- [Material provided]:
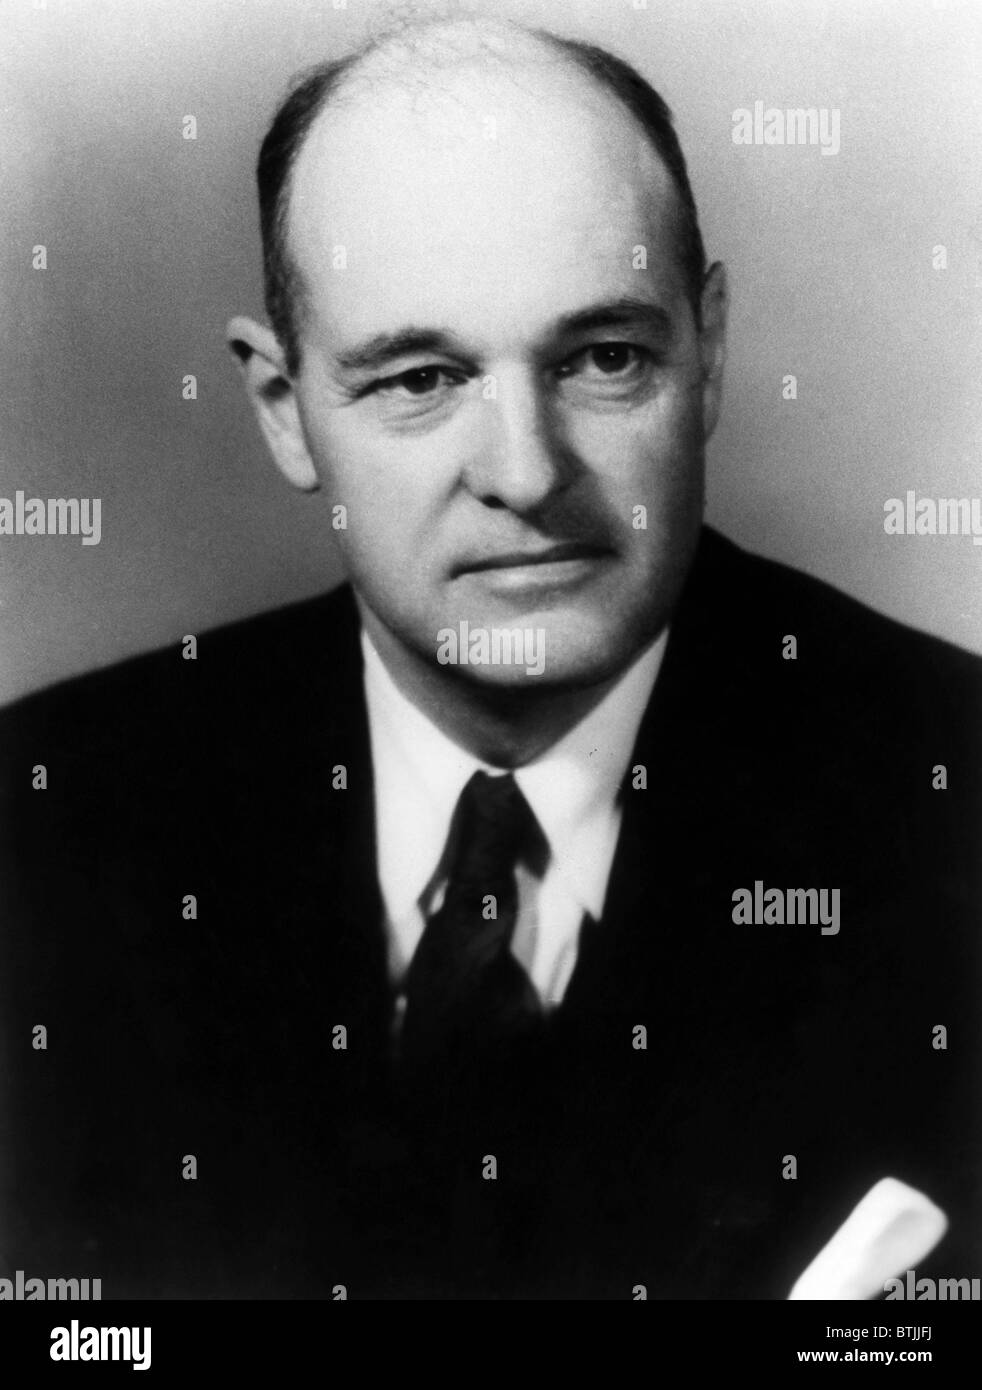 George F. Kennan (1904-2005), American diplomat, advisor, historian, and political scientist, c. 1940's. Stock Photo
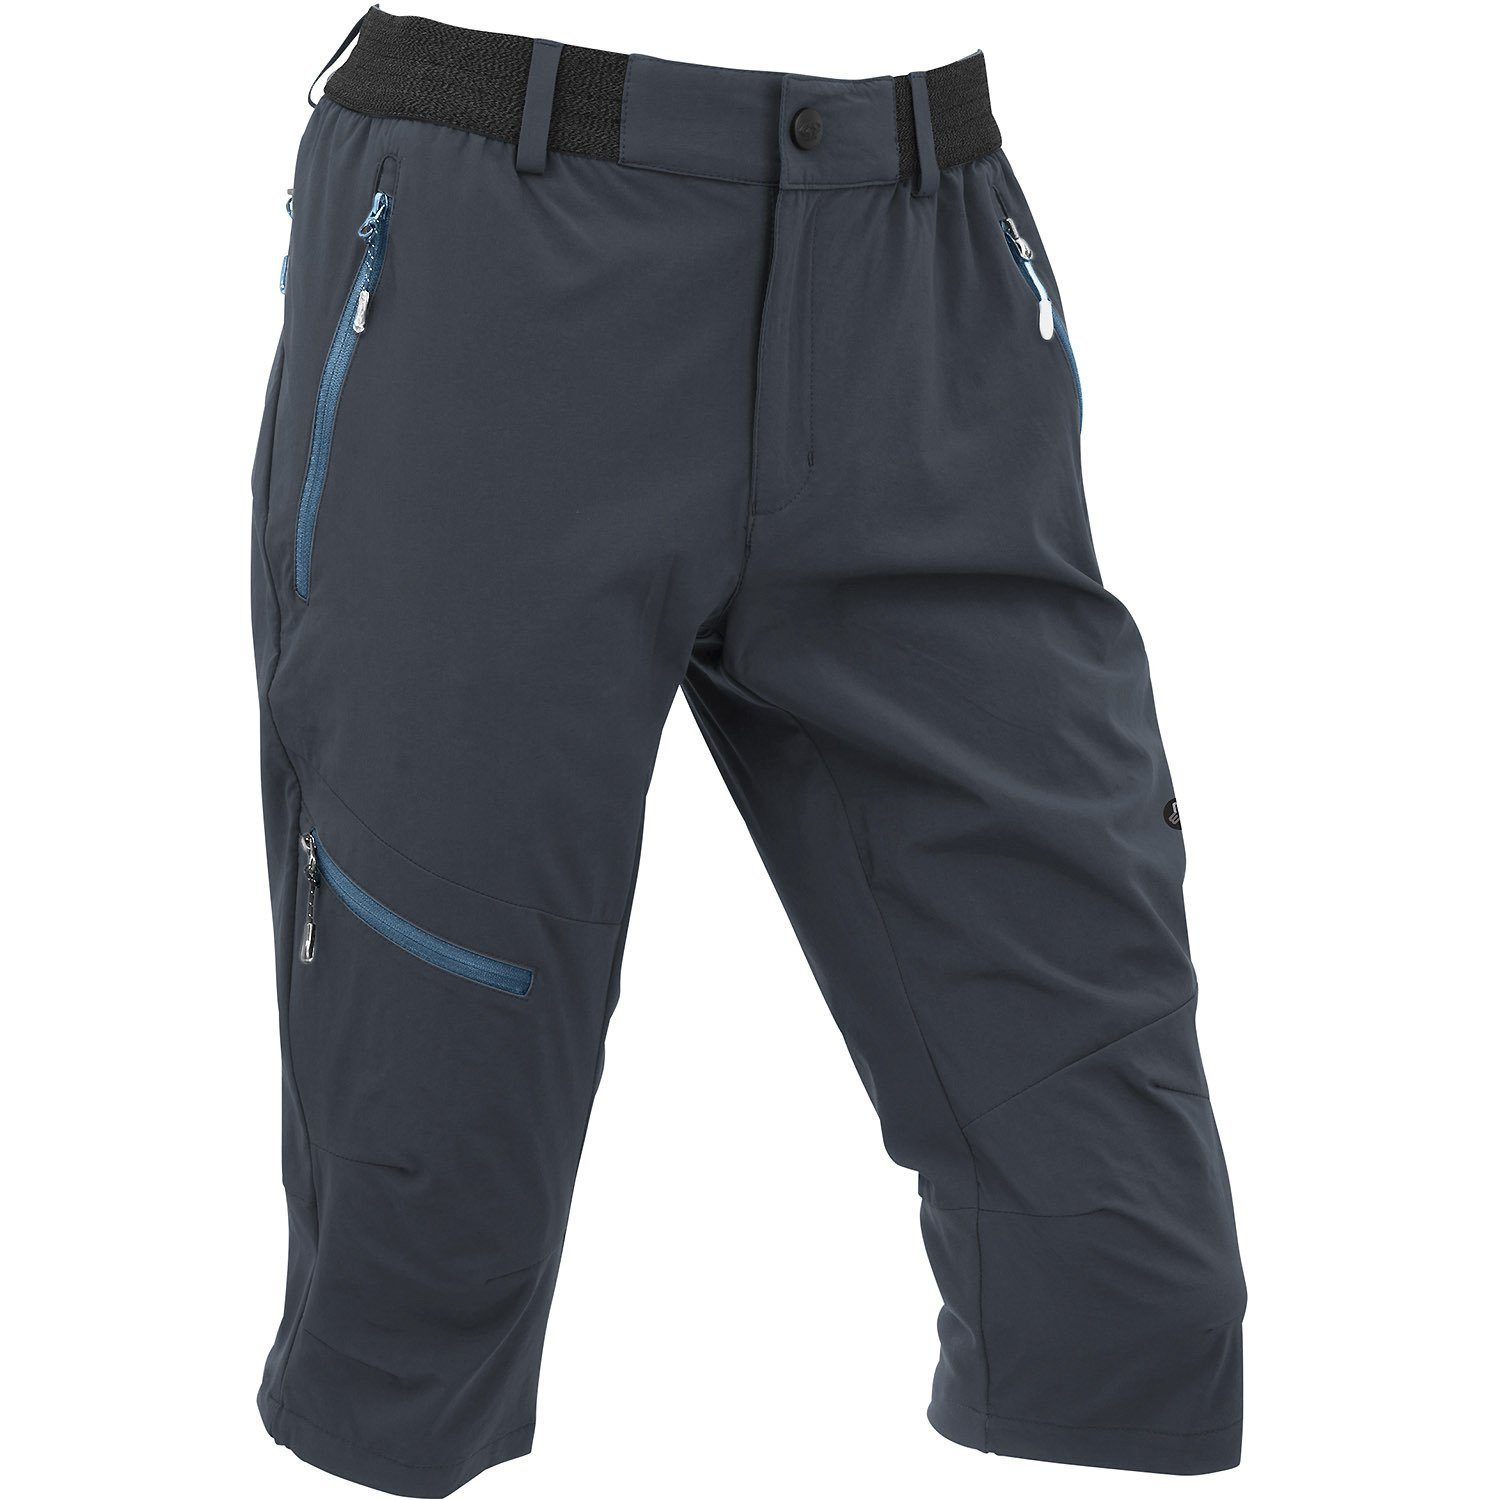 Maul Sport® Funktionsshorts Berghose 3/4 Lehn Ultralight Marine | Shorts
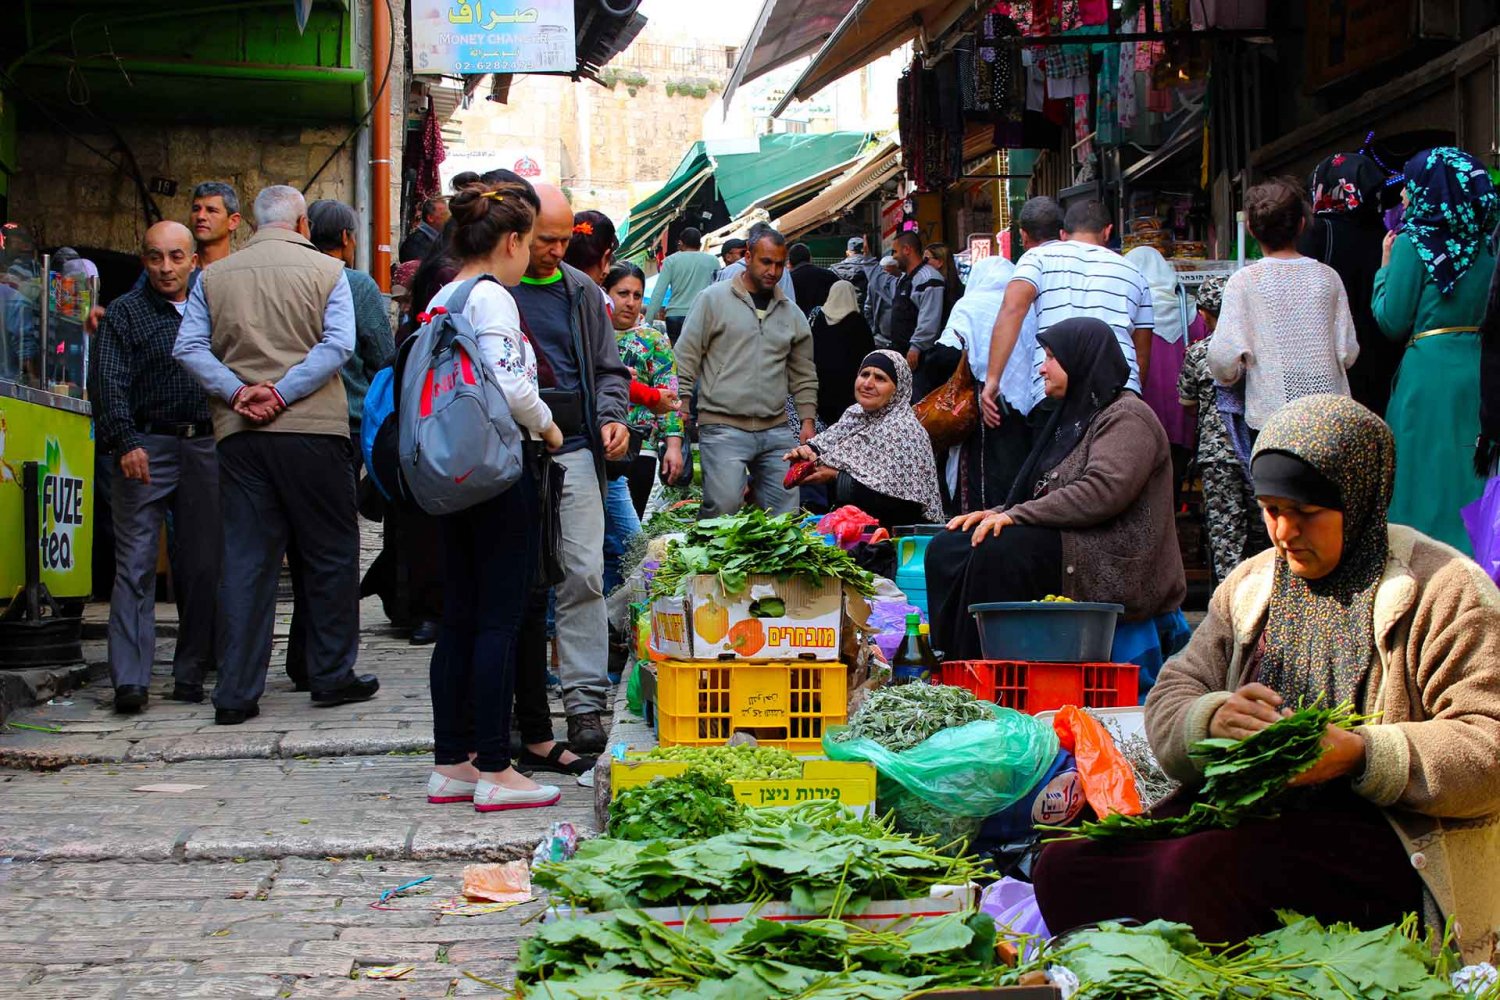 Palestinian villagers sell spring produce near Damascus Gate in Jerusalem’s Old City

- [Work instructions]:
Where the material contains pictures, leave them out and copy the rest verbatim.

- [Written answer]:
 George F. Kennan (1904-2005), American diplomat, advisor, historian, and political scientist, c. 1940's. Stock Photo
 Maul Sport® Funktionsshorts Berghose 3/4 Lehn Ultralight Marine | Shorts
 Palestinian villagers sell spring produce near Damascus Gate in Jerusalem’s Old City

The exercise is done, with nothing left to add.